C. The "Timing" Coach (Bayes-D)

This is the most human-like part. The AI learns when to ask and when to shoot.

  • Weak AI: Asks all 15 allowed questions at the very start, then shoots blindly. (Like reading the whole instruction manual before turning on the machine).
  • Smart AI: Asks a few questions, takes a shot, sees the result, asks another question, and takes another shot. It balances gathering info with taking action, just like a human expert would.

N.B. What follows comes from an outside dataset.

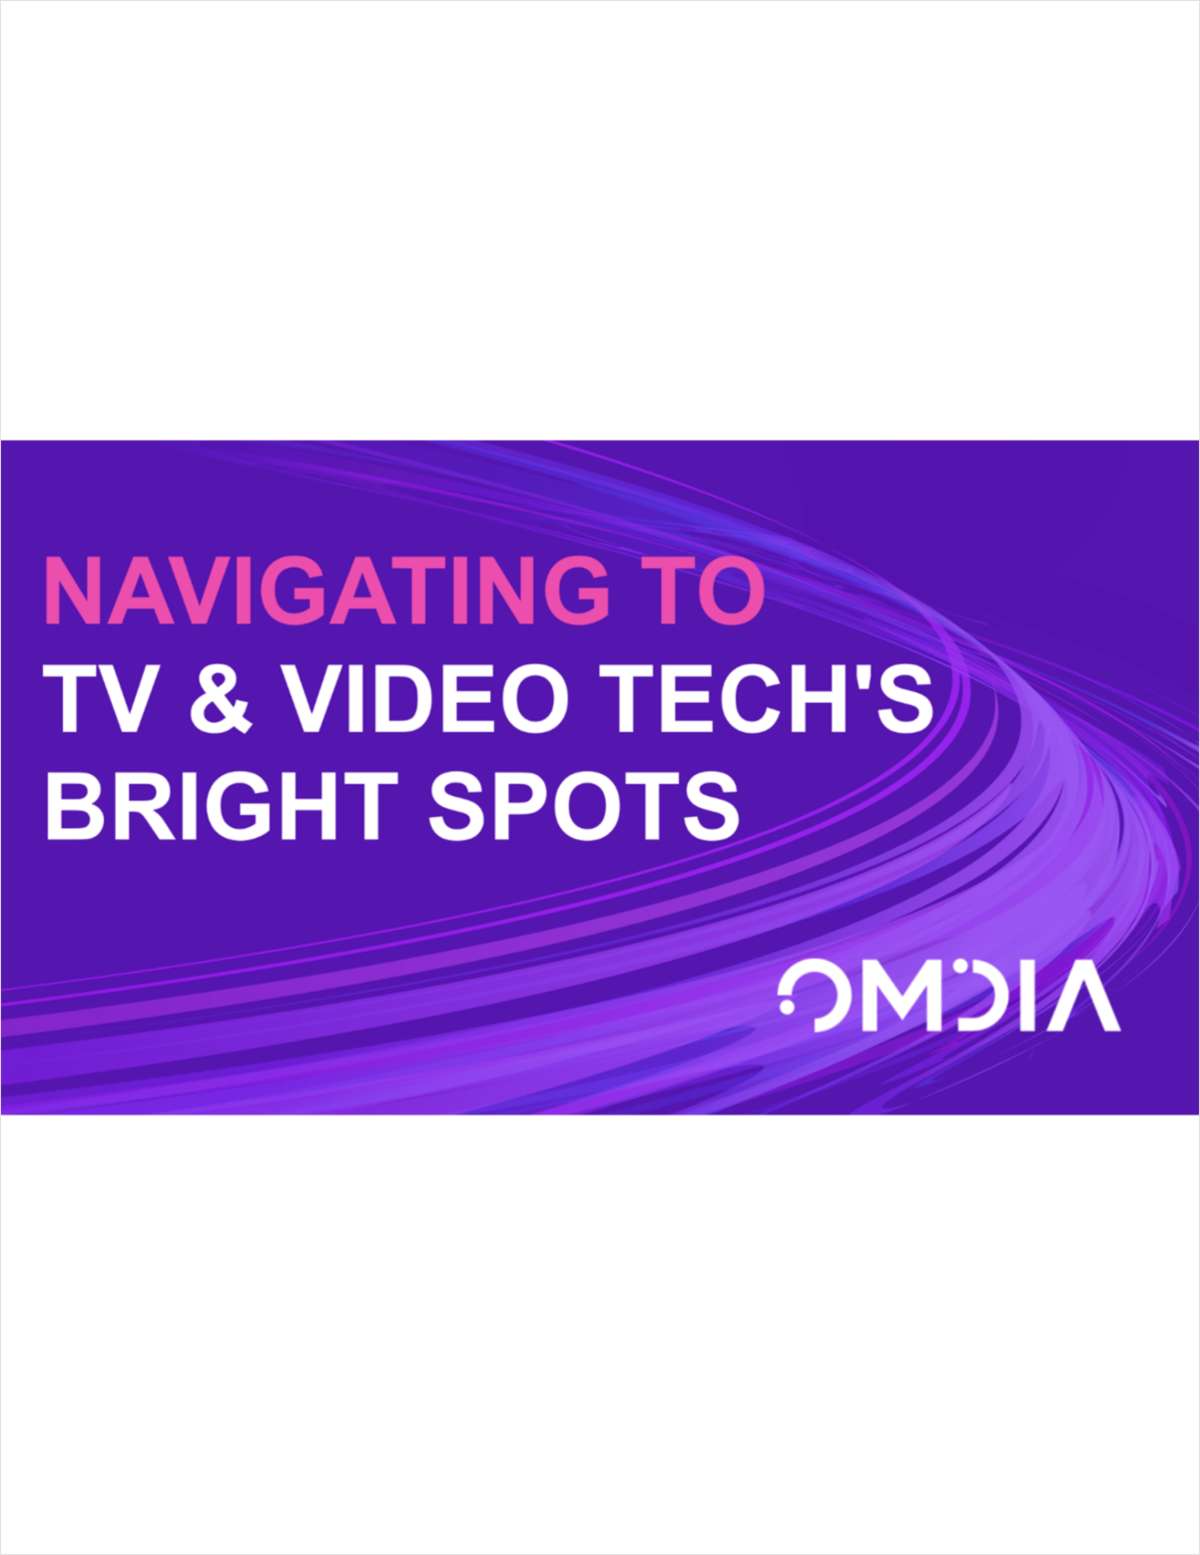 Navigating to TV and Video Tech's Bright Spots

3. The Results: Superhuman Performance

The results were surprising and impressive:

  • Weak AI becomes a Grandmaster: They took a small, relatively "dumb" AI model (Llama-4-Scout) and gave it this "Detective's Toolkit." Suddenly, it didn't just play well; it beat human players 82% of the time and even beat the world's strongest AI (GPT-5) 67% of the time.
  • Cost Efficiency: The small AI did this at 1% of the cost of the giant AI. It's like teaching a smart kid to solve a math problem using a clever trick, rather than hiring a team of expensive professors to do the math for them.
  • Accuracy: For the "Spotter" (the one answering), using code to generate answers made them nearly perfect (94% accuracy), whereas just talking made them make mistakes.

4. Why This Matters

This isn't just about a board game. The authors tested this on another game called Guess Who? (where you guess a person's identity by asking yes/no questions) and got the same amazing results.

The Big Picture:
In the real world, AI is being used for things like medical diagnosis (asking the right questions to a patient to find a disease) or scientific discovery (designing experiments to find new drugs).

  • Currently, AI often asks the wrong questions or wastes resources.
  • This paper shows that if we teach AI to think probabilistically—to simulate outcomes and choose the path that gives the most information with the least effort—we can build agents that are not just "chatbots," but rational partners that can solve complex problems efficiently.

Summary Analogy

Imagine you are looking for a lost key in a messy room.

  • Normal AI: Starts picking up random objects and checking them, or asks, "Is the key under the sofa?" without checking if the sofa is even in the room.
  • This New "Rational" AI: First, it looks at the room and thinks, "The key is most likely near the door." It checks there first. If it's not there, it asks, "Did I leave the key in the kitchen?" based on a logical deduction of where it could be. It doesn't waste time checking the ceiling fan.

By giving AI this "logical brain," the researchers turned a clumsy guesser into a master strategist.